It said that on thier oficial website, under specification:

https://www.amd.com/en/products/cpu/amd-ryzen-5-1600

"NOTE: The specifications below reflect the Ryzen 5 1600 as originally launched. It has since been refreshed to OPN# YD1600BBAFBOX, which has identical specifications except that it is made on the 12nm manufacturing process, and features the low-profile Wraith Stealth cooler. "

Cheers!
 
I think the problem is with AMD's name, not the article. It's not a first gen cpu, its a second gen, so the 1600F should be called something like Ryzen 5 2600e. They really need better people for their naming.
 
I think the problem is with AMD's name, not the article. It's not a first gen cpu, its a second gen, so the 1600F should be called something like Ryzen 5 2600e. They really need better people for their naming.
I think to clarify, its Gigabyte that tweeted this. Nothing to do with AMD giving misleading information which I feel some of the comments here are leading toward.
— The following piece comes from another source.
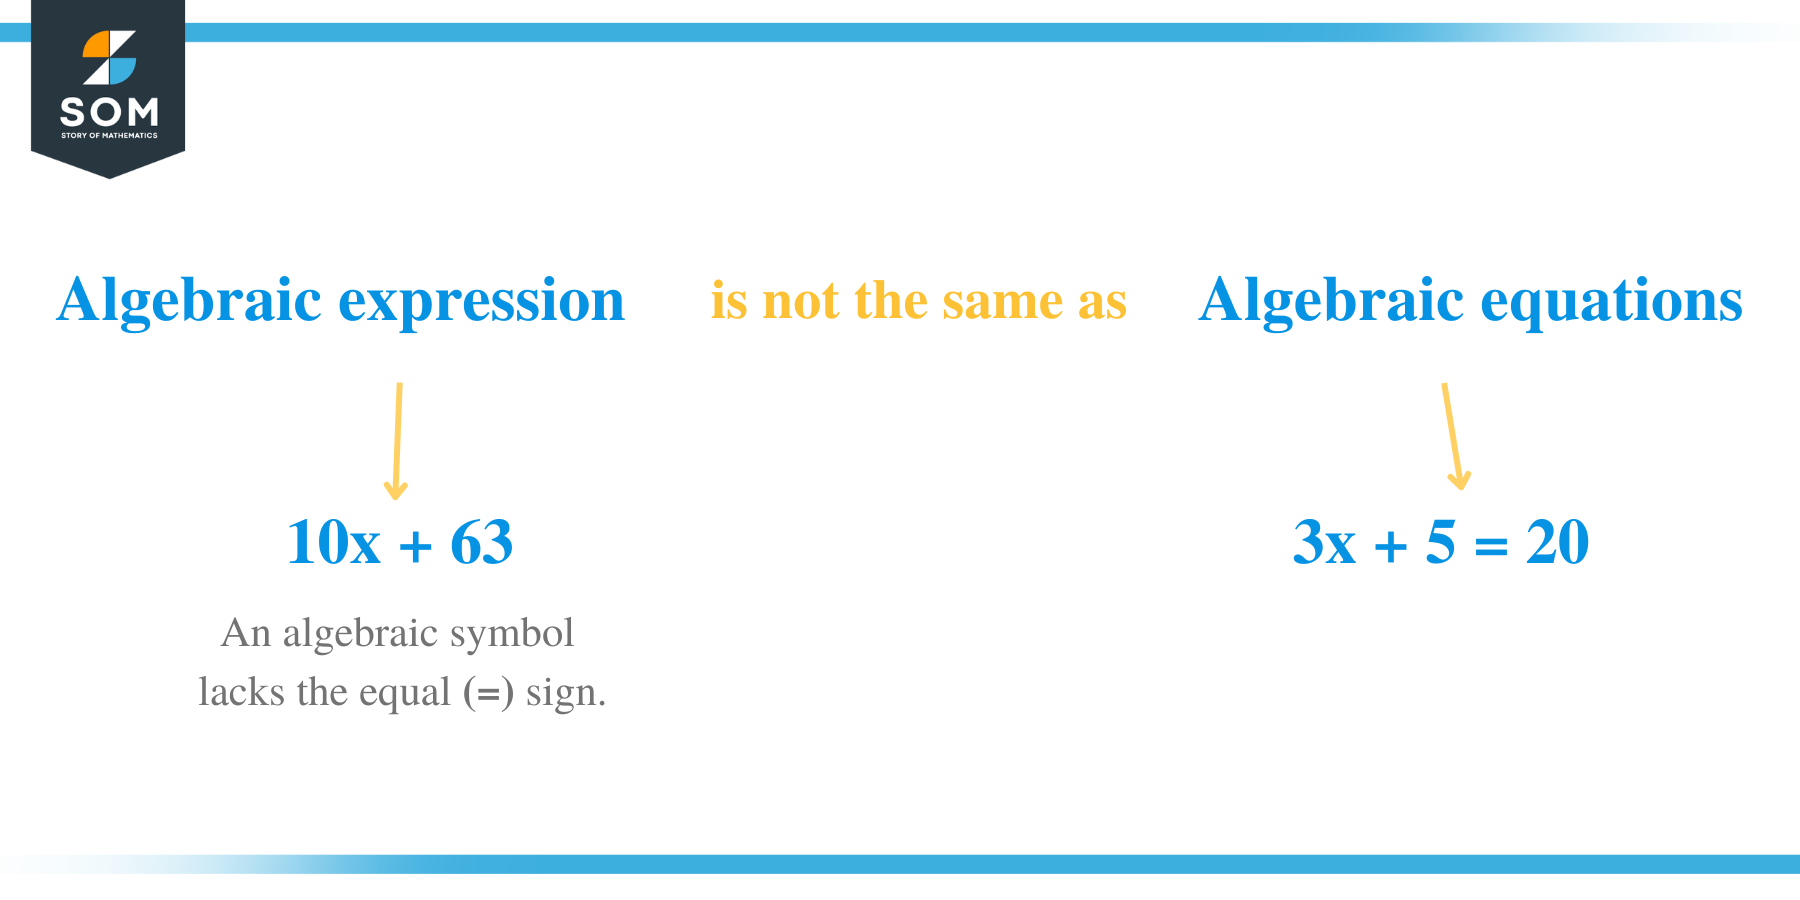 Algebraic expression and equations

While I agree the naming could be better with the product, if the product is cheaper and just as good as the 2xxx series, I can't be bothered even if they gave it a Bulldozer model number.
 
While I agree the naming could be better with the product, if the product is cheaper and just as good as the 2xxx series, I can't be bothered even if they gave it a Bulldozer model number.
Mixing model family numbers causes completely unnecessary and trivially avoidable confusion and trouble.

If you label AM4 products with model names that resemble AM3 products too much, expect people to call tech support asking why their "FX4600" does not fit their AM3+ socket which is supposed to be compatible with FX4000-9000.